Energy Efficient Community Gardens

Community gardens make an ideal place to showcase energy efficient technologies, tips and tricks, allowing them to play both an educational and an inspiration role and encouraging everyone involved to take some of the ideas home with them.

Energy in the Garden

Creating energy efficient gardens inevitably begins with addressing how energy is used. The plants themselves make remarkably efficient use of their energy supply – sunlight – and to continue the theme, we need to examine how we manage the non-living rest of the garden. Key areas for this include the decorative and functional items, such as lighting and water features, which add so much in terms of atmosphere, but demand energy to achieve it.

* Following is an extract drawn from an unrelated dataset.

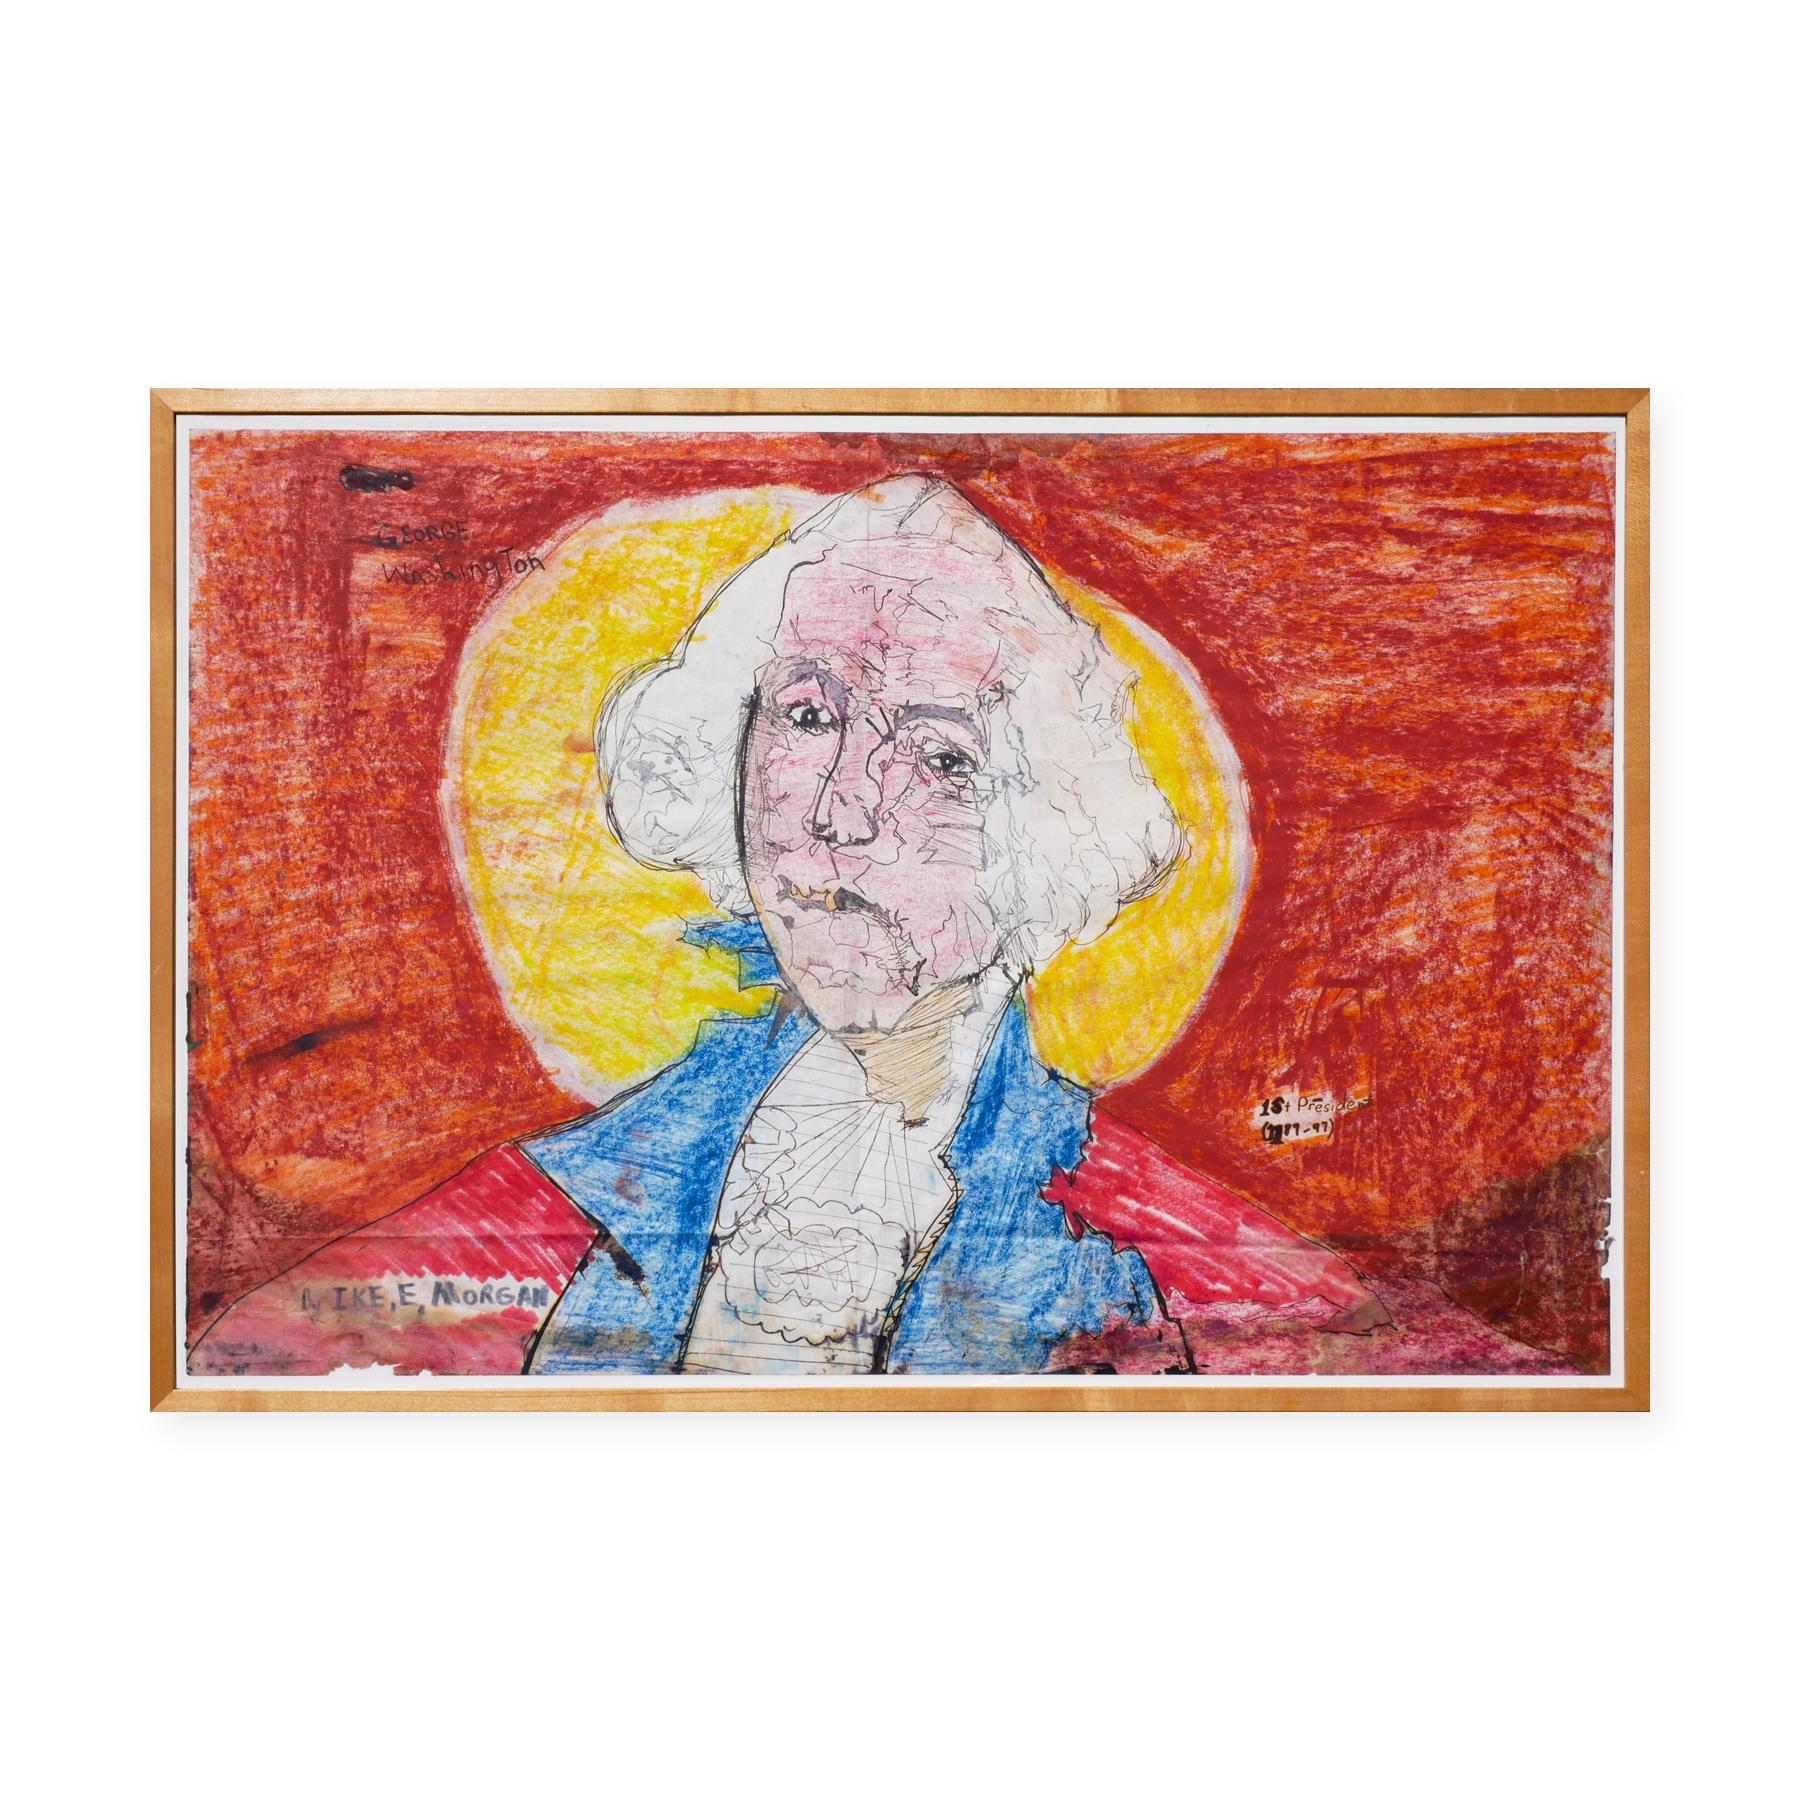 “Untitled” Orange, Blue & Yellow Abstract Portrait of George Washington - Abstract Expressionist Art by Ike E. Morgan

Whether it’s garden spotlights or fountain pumps, there is a huge range of energy efficient versions to chose from, many running on a fraction of the power that traditional designs consumed.

However, if you really want to play the energy saving trump card, recent developments in solar powered pumps and lights really do take some beating. Admittedly, they may not have the output of their bigger conventional cousins, but never-the-less make their own contribution to any community garden.

The latest solar-powered units are perfect for difficult sites or those which have no electrical connection, while self-contained water features can often allow the sight and sound of moving water where safety concerns do not permit a typical pond to be installed.

If circumstances permit, you can get even more inventive. Dependent on your garden design and location, your pond can be kept healthy with wind-powered aerators, or your community greenhouse warmed by solar water heating. What can be done for the cause of energy efficiency is really only limited by the imagination of the community itself.

Cutting Embedded Energy

The second aspect of making the community garden energy efficient involves thinking about how much energy is used in the manufacturing, transport and possibly even eventual disposal of the materials used to create it.

This “embedded energy” makes a significant and often forgotten addition to our collective carbon footprint – and the more the community gardeners can reduce it, the more energy efficient the whole project becomes.

There are three main areas which can see embedded energy making a major contribution – water, compost and construction materials. In the UK, our mains water supply is routinely treated to bring it up to the high standard of cleanliness needed for drinking – but most of it never goes anywhere near our lips!

Ethically there is something deeply wrong with using top quality drinking water to irrigate plants – given the scarcity of this precious resource in so much of the world – and from the energy standpoint, it’s incredibly wasteful. Fit a simple rain butt to a convenient down-pipe and the garden’s energy efficiency leaps up.

Transporting neatly packaged, mass-produced compost may be a convenient way to grow plants, but it’s scarcely energy efficient when you and your neighbours are sending tonnes of perfectly good compostable material in the opposite direction every year. Set up a community composting scheme alongside your community garden and you neatly sidestep this embedded energy too.

Recycling and reusing potential construction materials can also be a useful way of ensuring that community gardens remain energy efficient and the more inventive you can be, the better. Hardcore and stone sourced locally, for instance, can save considerable transport costs, while there is plenty of scope for reusing the likes of reclaimed timber and old pallets when it comes to making rough fencing or trellis work in the garden – and every bit saves energy.

Community gardens are particularly valuable resources for everyone and integrating them into a wider project can make them even more special to those who have created and enjoy them. Incorporating energy efficient measures sympathetically into a piece of public open landscape is also likely to reach the largest number of people – many of whom might never otherwise have stopped to give the whole energy efficiency thing a second thought. As a showcase for local energy awareness, these gardens have much to offer.